A: Jesus as an idea is the longing of God. When asked himself who God was, Jesus replied, “God is a Spirit and they who worship him must worship in Spirit and truth” (John 4:24). But when Jesus told the reason for his coming, he said, “The Son of man is come to seek and to save that which was lost” (Luke 19:10). Put together, these two verses of scripture seem to indicate that God is a longing Spirit. He yearns after people and longs to have a relationship with them.

Probably the first verse of scripture most people encounter is John 3:16, “For God so loved the world he gave his only son ... ” God seemed to Francis Thompson to be the Hound of Heaven pursuing us as a great and yearning Spirit eager to have a relationship with us. We are so prone to speak of seekers as those who pursue God in search of meaning. But in Jesus we have the yearning God in pursuit of people.
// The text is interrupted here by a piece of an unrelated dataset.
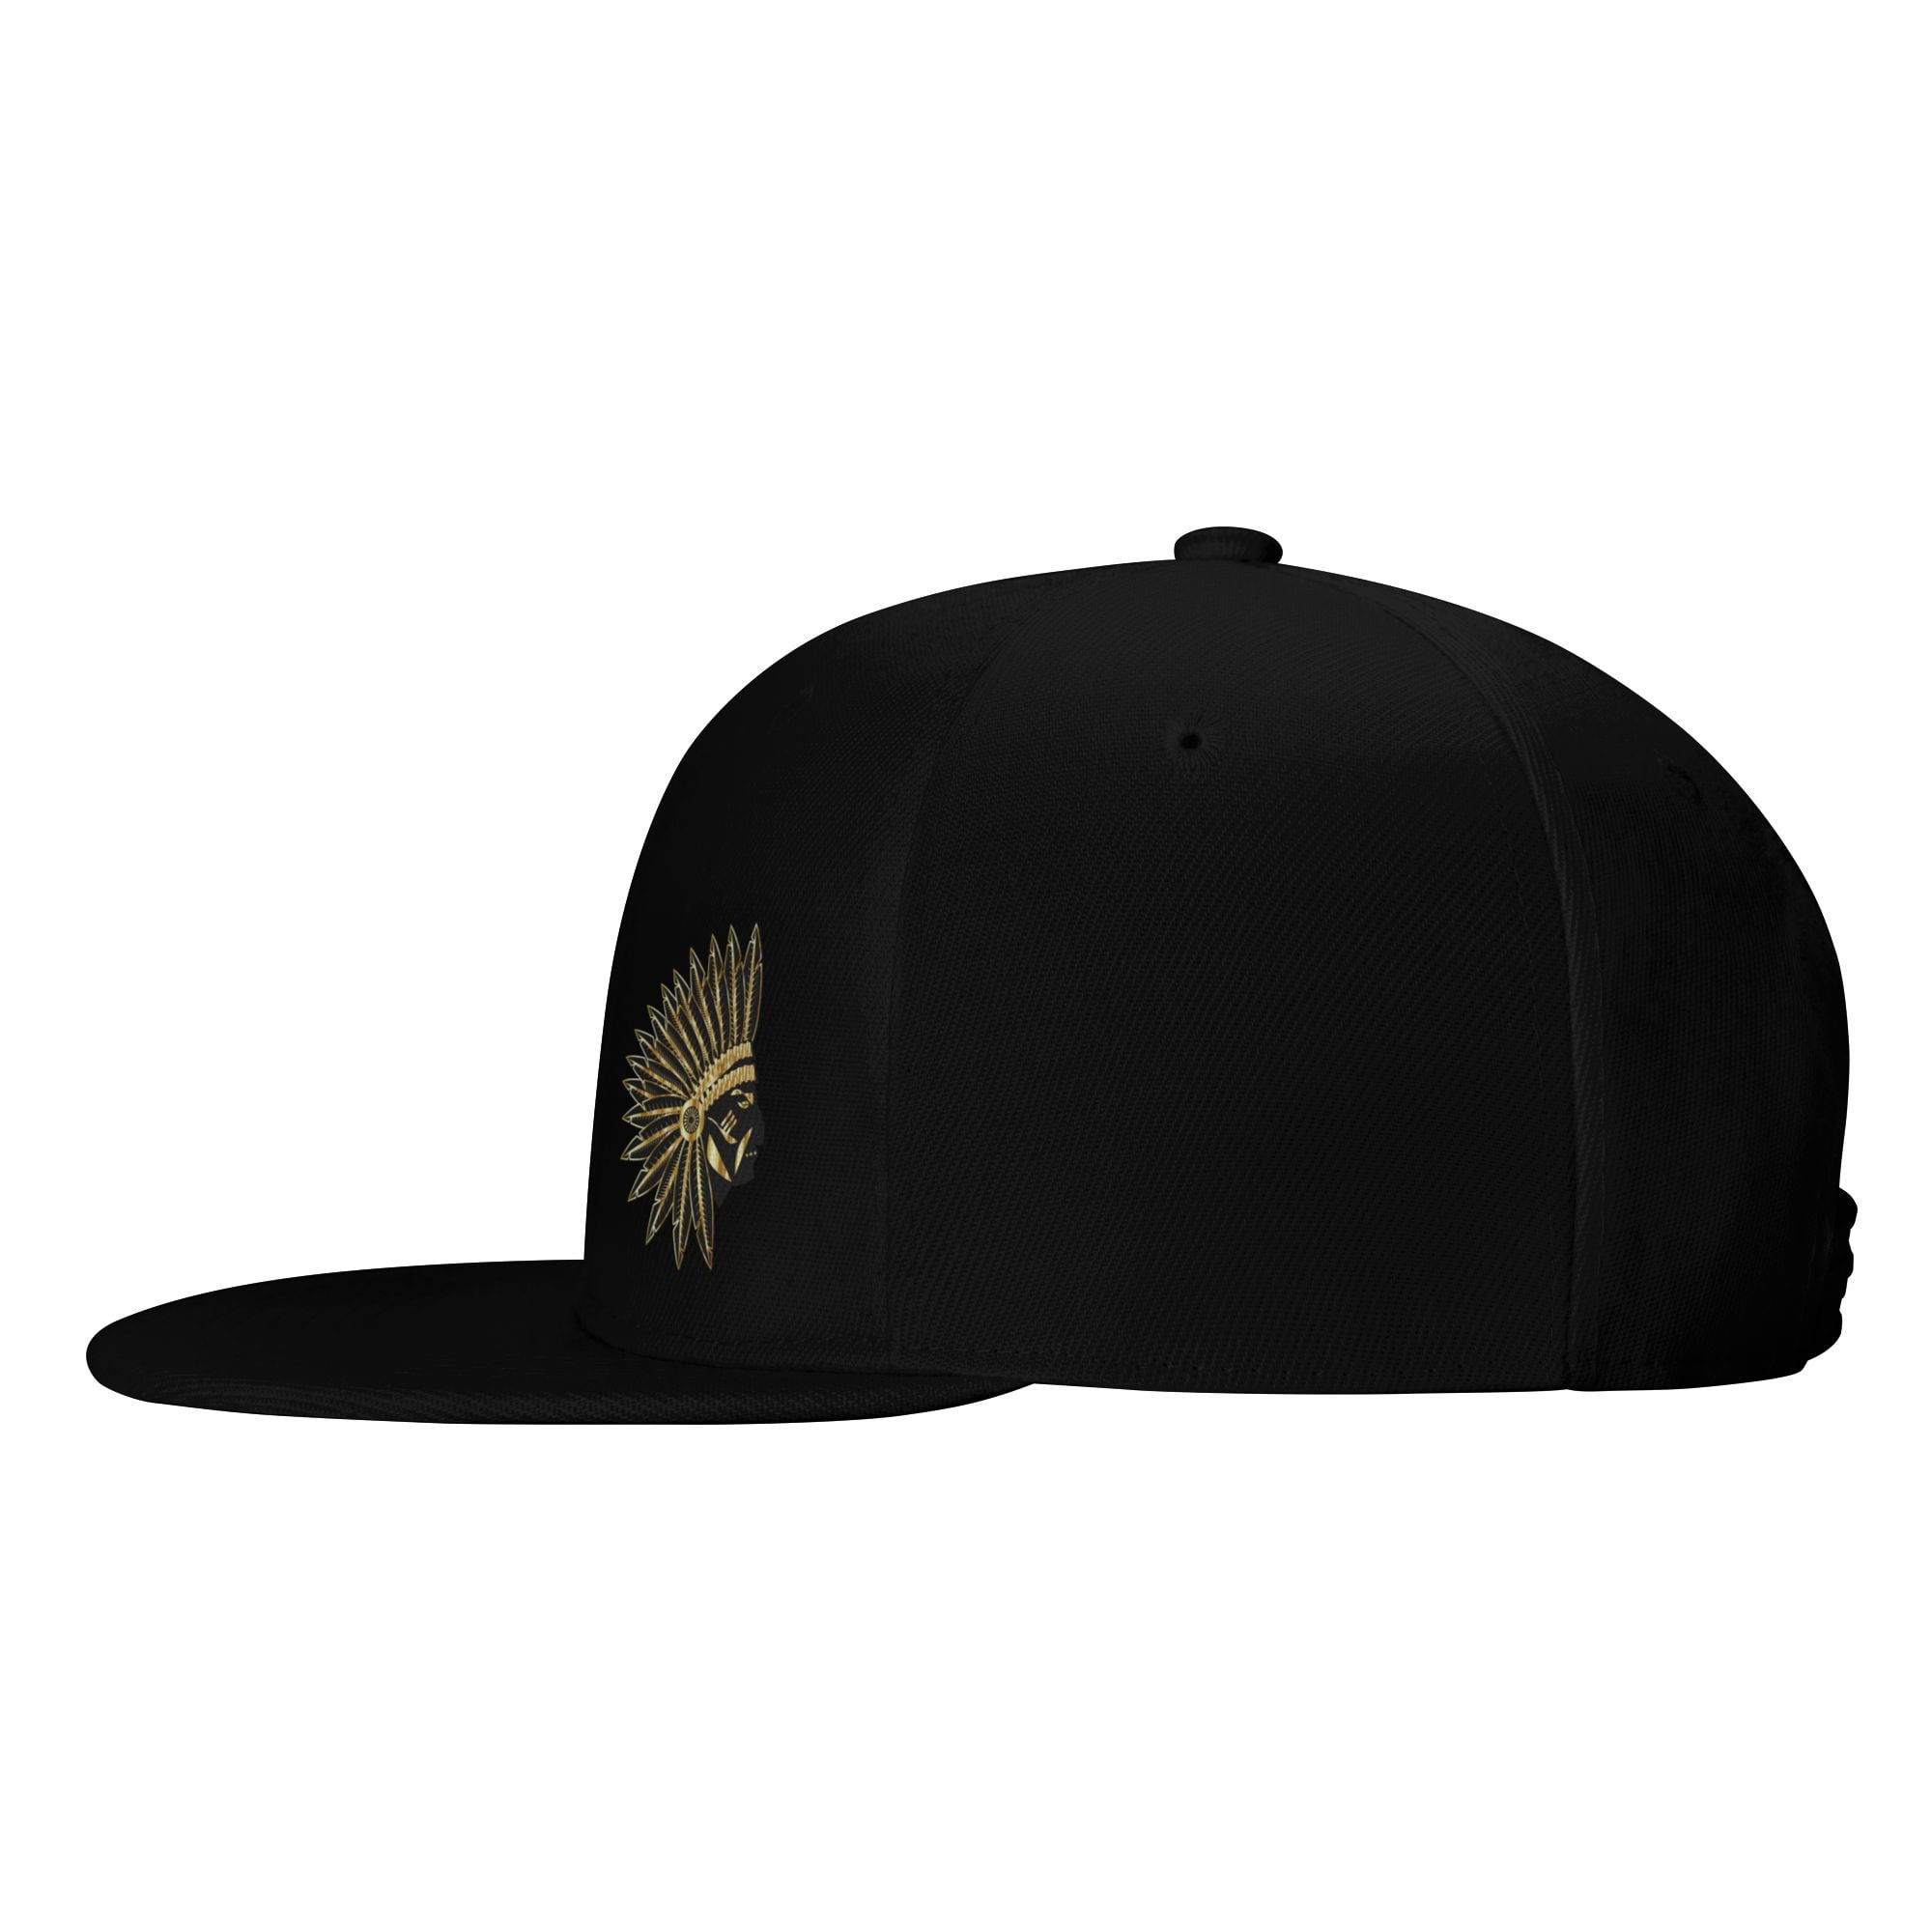 DouZhe Flat Brim Cap Snapback Hat, Gold Native American Feathers

In Christ we find that God is not content to let people live and die beyond his circle of love.

On he comes, every pursuing the friendship of human beings. So much that Paul of Tarsus was overwhelmed in the Syrian desert by the Savior whose religion he had set out to destroy.

Augustine felt he was claimed by his ardent and severe mercy.

Pascal agreed that this friendship with Jesus was the answer to longing, that there is a God-shaped vacuum at the heart of all of us. Only God can fill that vacuum.

John Wesley cried out that this pursuing God had strongly warmed his heart.

C.S. Lewis felt this pursuing love and claimed he was “surprised by joy.”

Many of the world’s most notable Christians have felt the chase of this pursuing lover. Jesus follows after them until at last he catches them and the relationship is firm.

The hymnist wrote, “What a friend we have in Jesus.” This simple theme has been established throughout Christendom. Our immense fear of being alone has been answered by the Christ who never demanded the answer to all loneliness. It is this sustaining relationship that Jesus brings to us. The Savior makes our friendship heaven’s agenda.